The first DNA sequencing methods were developed by Gilbert (1973)^[8] and Sanger (1975).^[9] Gilbert introduced a sequencing method based on chemical modification of DNA followed by cleavage at specific bases whereas Sanger's technique is based on dideoxynucleotide chain termination. The Sanger method became popular due to its increased efficiency and low radioactivity. The first automated DNA sequencer was the AB370A, introduced in 1986 by Applied Biosystems. The AB370A was able to sequence 96 samples simultaneously, 500 kilobases per day, and reaching read lengths up to 600 bases. This was the beginning of the "first generation" of DNA sequencers,^[2]^[3] which implemented Sanger sequencing, fluorescent dideoxy nucleotides and polyacrylamide gel sandwiched between glass plates - slab gels. The next major advance was the release in 1995 of the AB310 which utilized a linear polymer in a capillary in place of the slab gel for DNA strand separation by electrophoresis. These techniques formed the base for the completion of the human genome project in 2001.^[4] The human genome project spurred the development of cheaper, high throughput and more accurate platforms known as Next Generation Sequencers (NGS). In 2005, 454 Life Sciences released the 454 sequencer, followed by Solexa Genome Analyzer and SOLiD (Supported Oligo Ligation Detection) by Agencourt in 2006. Applied Biosystems acquired Agencourt in 2006, and in 2007, Roche bought 454 Life Sciences, while Illumina purchased Solexa. Ion Torrent entered the market in 2010 and was acquired by Life Technologies (now Thermo Fisher Scientific). And BGI started manufacturing sequencers in China after acquiring Complete Genomics under their MGI arm. These are still the most common NGS systems due to their competitive cost, accuracy, and performance.

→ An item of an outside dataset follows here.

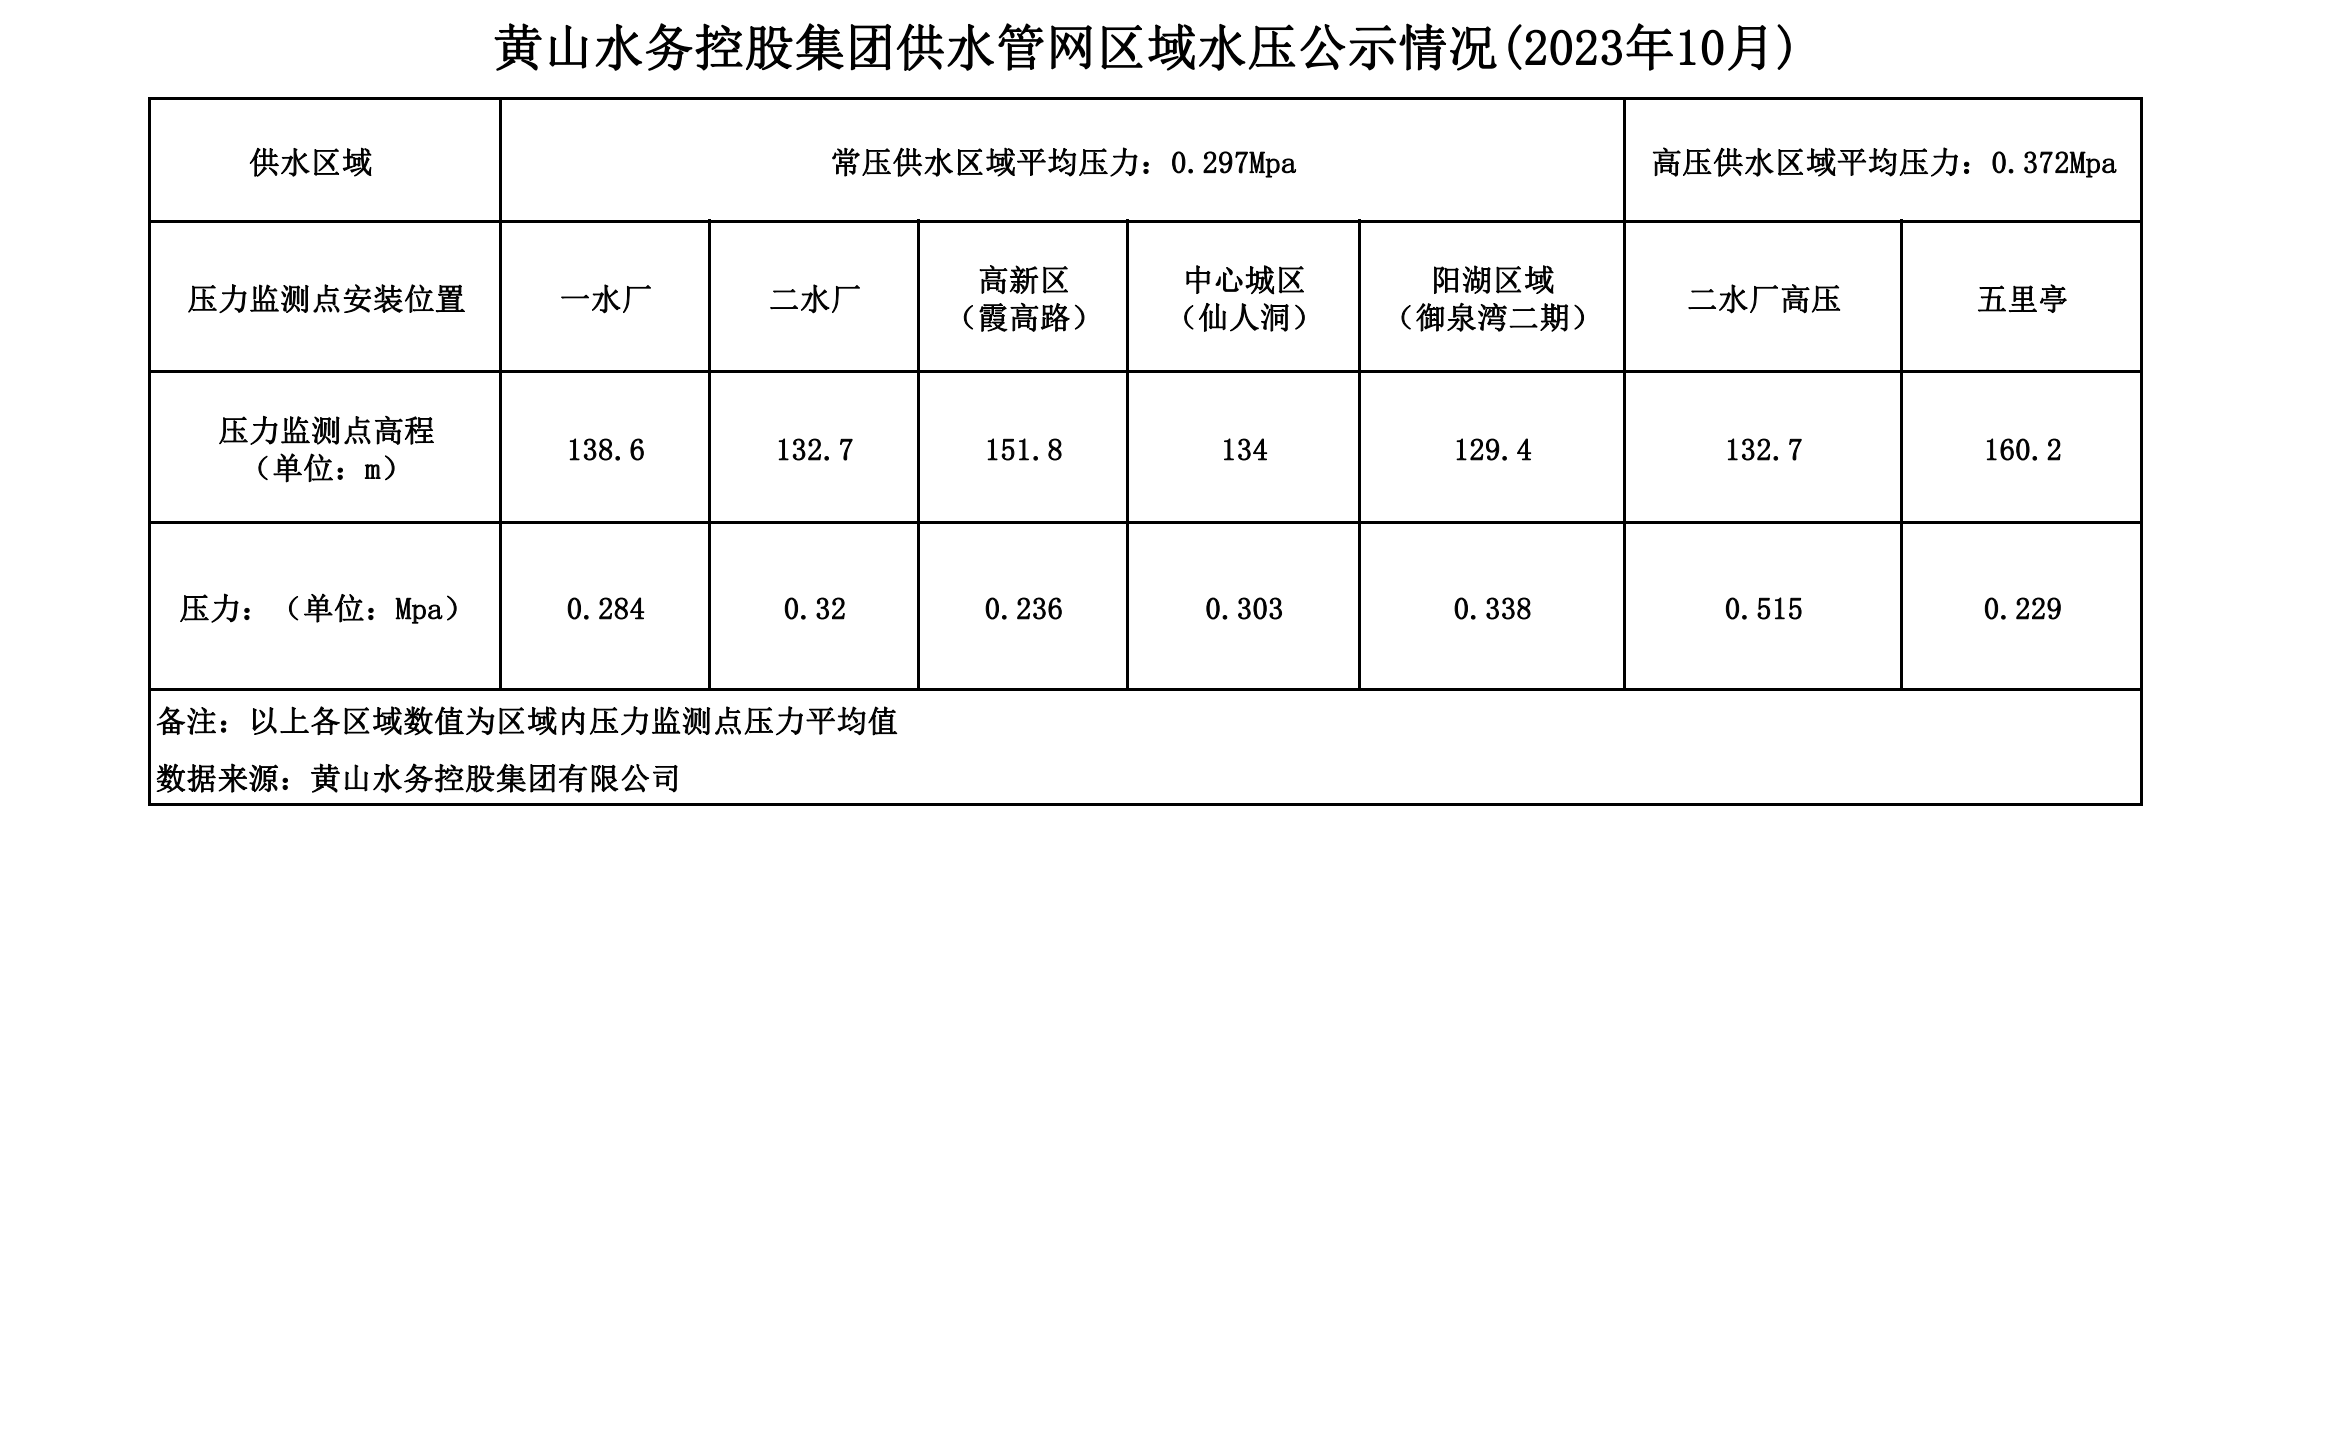 黄山水务控股集团供水管网区域水压公示情况(2023年10月)_00.png

More recently, a third generation of DNA sequencers was introduced. The sequencing methods applied by these sequencers do not require DNA amplification (polymerase chain reaction – PCR), which speeds up the sample preparation before sequencing and reduces errors. In addition, sequencing data is collected from the reactions caused by the addition of nucleotides in the complementary strand in real time. Two companies introduced different approaches in their third-generation sequencers. Pacific Biosciences sequencers utilize a method called Single-molecule real-time (SMRT), where sequencing data is produced by light (captured by a camera) emitted when a nucleotide is added to the complementary strand by enzymes containing fluorescent dyes. Oxford Nanopore Technologies is another company developing third-generation sequencers using electronic systems based on nanopore sensing technologies.

GS Run Processor converts raw images generated by a sequencing run into intensity values. The process consists of two main steps: image processing and signal processing. The software also applies normalization, signal correction, base-calling and quality scores for individual reads. The software outputs data in Standard Flowgram Format (or SFF) files to be used in data analysis applications (GS De Novo Assembler, GS Reference Mapper or GS Amplicon Variant Analyzer).

[18]

GS De Novo Assembler is a tool for de novo assembly of whole-genomes up to 3GB in size from shotgun reads alone or combined with paired end data generated by 454 sequencers. It also supports de novo assembly of transcripts (including analysis), and also isoform variant detection.

[17]

GS Reference Mapper maps short reads to a reference genome, generating a consensus sequence. The software is able to generate output files for assessment, indicating insertions, deletions and SNPs. Can handle large and complex genomes of any size.

[17]

Finally, the GS Amplicon Variant Analyzer aligns reads from amplicon samples against a reference, identifying variants (linked or not) and their frequencies. It can also be used to detect unknown and low-frequency variants. It includes graphical tools for analysis of alignments.